Safiye cried out—in affected alarm; there is no chance that she was really wounded.
“And who is so simpleminded but you, peasant!” The brigand shoved his wife away from Safiye with a snarl. “Can’t you imagine that there are women in this world who have never roughened their hands upon a spindle?”
“Useless leaches, dressed in the sweat of others,” the woman snapped back, “as you, Orhan, have said yourself so many times.”
“There are words in the Turkish language this girl knows that would send your simple head spinning, woman. As Allah is my witness, they would set you head spinning with their luxury, though she is but a newcomer to this country and this language.”
“And you are so fluent in the language of luxury,” the woman mocked, in the fury of the moment quite careless of her gizzard. “‘Bath,’ for instance.
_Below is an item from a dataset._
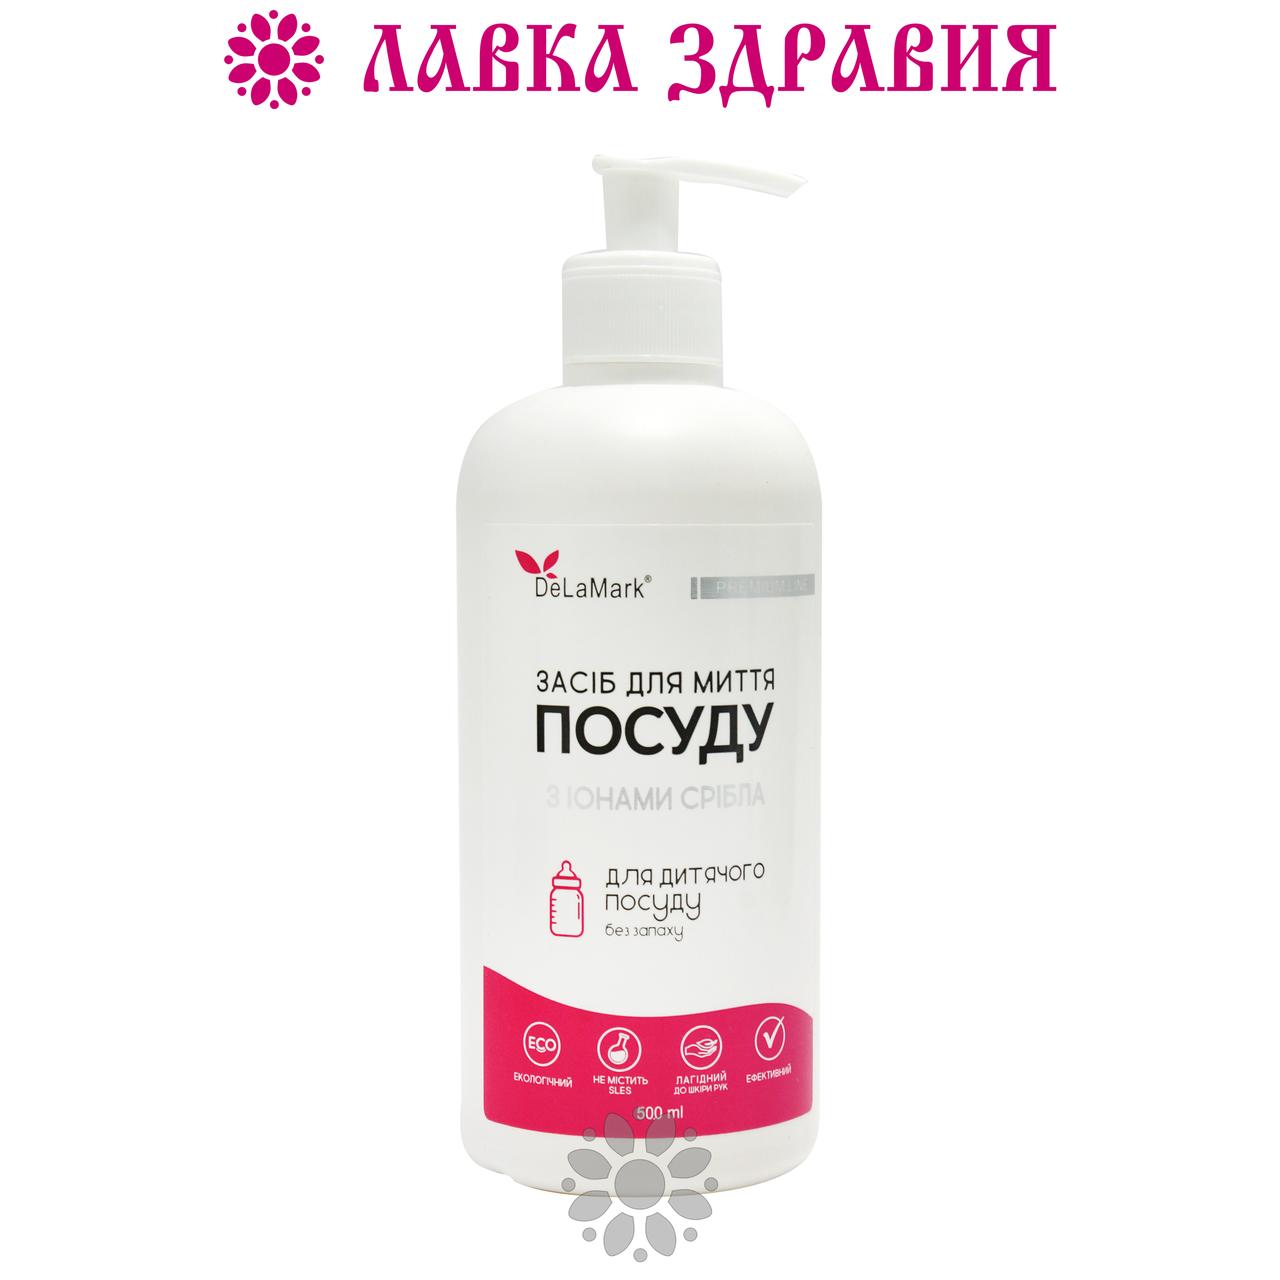 Средство для мытья детской посуды DeLaMark с ионами серебра без запаха, 0,5 л

Now there’s a luxury you’re a stranger to, and I’m sure the fact hasn’t missed the girl. ‘Bath, bath, bath.’ Now whose head is spinning? I dare say you are even afraid of water, for Allah knows, I’ve never seen you come near it.”
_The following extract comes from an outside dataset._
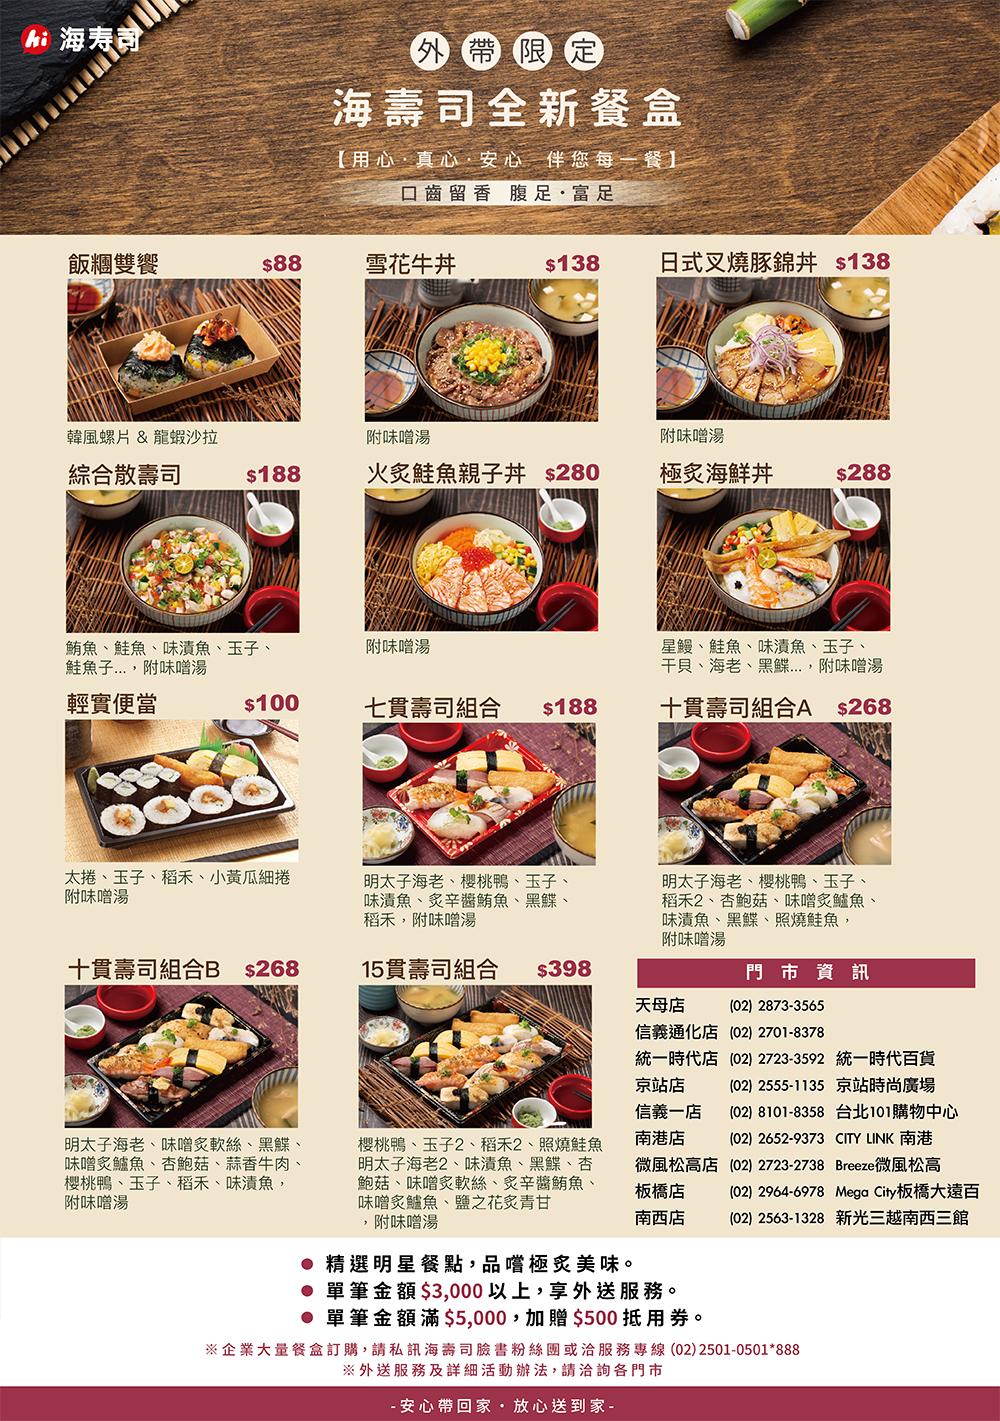 海壽司全新餐盒上線 用心 真心 伴您每一餐

The brigand rubbed his missing eye, but only for a moment. In the next moment he had snatched Safiye to her feet, sending the comb flying from her hand. It broke in two upon the floor, but Safiye, who had cried out in alarm at a violent movement not minutes before, said nothing.
“I shall show you who’s a peasant,” the brigand said.
“I bet you’re afraid of water, like a cat,” his wife retorted.
“I’ll show you!” the brigand said again. “I’m every bit as good as a Sultan’s son, and can bathe whenever I damn well feel like it. Not only that, but I can bathe with Murad’s very own attendant—whenever I feel like it. A pox on you, woman.”
And with that he dragged Safiye from the hut.
After the year’s first bout of stormy weather, it had turned balmy again. But this false return to summer and the warm colors of the leaves could not make up for the fact that the little mountain stream, running a hand deep over iron-cold slabs of stone, was kept from turning to ice overnight only by its movement. Even then, with a morning of sun on its back, it was a far, far cry from the blood-heat in which Murad liked to soak. However, Orhan was nothing if not immune to physical discomfort, especially when his pride was at stake. His clothes were off and he was in that water in a moment.
But it was not his wife, long out of earshot, almost out of memory, against whom he railed in that state. “Prince Murad, you’re a woman compared to Orhan, the Crazy One. By Allah, yes, you are.”
Safiye was left standing alone on the banks and I dare say that, braggart though he was, Orhan would have left her there. A mountain stream was his element; with a woman of courtly manners he was a stranger and quite honestly afraid of her. He even avoided her almond eyes as he fumed against her lover, and would have done so till the bath was over, had not a soft noise and movement in that direction wrested his attention. Safiye had removed her robe and stood there in underblouse and shalwars.
“I thought it best,” she said. “There are pearls on it, and surely, master, you would not want to risk having them wash away downstream.”
The brigand saw how the breath of a wind through the sheer underblouse tickled her nipples into tight little peaks and his heart pounded in an emotion to which he was a stranger. He called the emotion fear or shame, and clambered out of the water and onto a sun-warmed stone on the other bank to escape it. More disconcerting still was the state of his manhood, that thing he had boasted of all his life for the great control he held over its virility and it over womankind in general. He sought to hide it from her, but in a moment she had crossed the stream to him.
Even mystics relishing martyrdom will ease into impalement. But Safiye delved coaxingly on, once or twice, before she took him in completely. With her little white knobs of breast bouncing before his face, she whispered hoarsely, “Taste the pearls you’ve stolen from Prince Murad.”